If a line below contains "Book", count it; then state how many such lines there are, and nothing else.

##### TASK MATERIAL #####

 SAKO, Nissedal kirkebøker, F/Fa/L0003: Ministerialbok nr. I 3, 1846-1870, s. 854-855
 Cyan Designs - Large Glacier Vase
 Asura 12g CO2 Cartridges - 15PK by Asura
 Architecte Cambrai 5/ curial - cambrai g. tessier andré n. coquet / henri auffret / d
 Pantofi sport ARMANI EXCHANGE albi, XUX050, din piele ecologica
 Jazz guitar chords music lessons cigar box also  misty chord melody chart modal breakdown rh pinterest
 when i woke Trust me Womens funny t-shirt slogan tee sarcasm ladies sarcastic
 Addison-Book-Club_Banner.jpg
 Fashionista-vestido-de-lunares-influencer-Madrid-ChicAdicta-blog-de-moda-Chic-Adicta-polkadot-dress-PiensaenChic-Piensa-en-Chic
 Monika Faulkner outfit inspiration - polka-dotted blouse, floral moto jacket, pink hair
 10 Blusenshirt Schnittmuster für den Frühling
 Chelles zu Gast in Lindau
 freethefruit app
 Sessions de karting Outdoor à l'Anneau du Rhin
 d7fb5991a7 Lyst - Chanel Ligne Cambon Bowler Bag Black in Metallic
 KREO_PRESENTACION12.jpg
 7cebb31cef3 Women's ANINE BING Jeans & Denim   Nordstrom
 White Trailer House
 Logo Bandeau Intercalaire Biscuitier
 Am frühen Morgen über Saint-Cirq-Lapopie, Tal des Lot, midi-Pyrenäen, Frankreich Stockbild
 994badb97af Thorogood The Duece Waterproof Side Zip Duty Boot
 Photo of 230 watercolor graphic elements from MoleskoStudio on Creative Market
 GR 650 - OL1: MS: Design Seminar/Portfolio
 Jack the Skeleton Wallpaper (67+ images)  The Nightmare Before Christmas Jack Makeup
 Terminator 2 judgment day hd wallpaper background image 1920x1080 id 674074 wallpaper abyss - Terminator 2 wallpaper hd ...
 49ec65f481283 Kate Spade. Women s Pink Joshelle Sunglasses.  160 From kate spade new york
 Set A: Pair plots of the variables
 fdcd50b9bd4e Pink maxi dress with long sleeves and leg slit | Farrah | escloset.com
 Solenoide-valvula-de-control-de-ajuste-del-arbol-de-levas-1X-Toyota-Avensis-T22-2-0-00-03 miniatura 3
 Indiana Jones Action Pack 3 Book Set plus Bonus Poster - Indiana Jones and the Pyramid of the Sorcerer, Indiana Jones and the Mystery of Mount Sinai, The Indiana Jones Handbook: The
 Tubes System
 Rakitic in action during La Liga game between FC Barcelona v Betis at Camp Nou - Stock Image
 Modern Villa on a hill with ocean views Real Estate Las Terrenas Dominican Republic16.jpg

#####

- _RESPONSE AREA_
2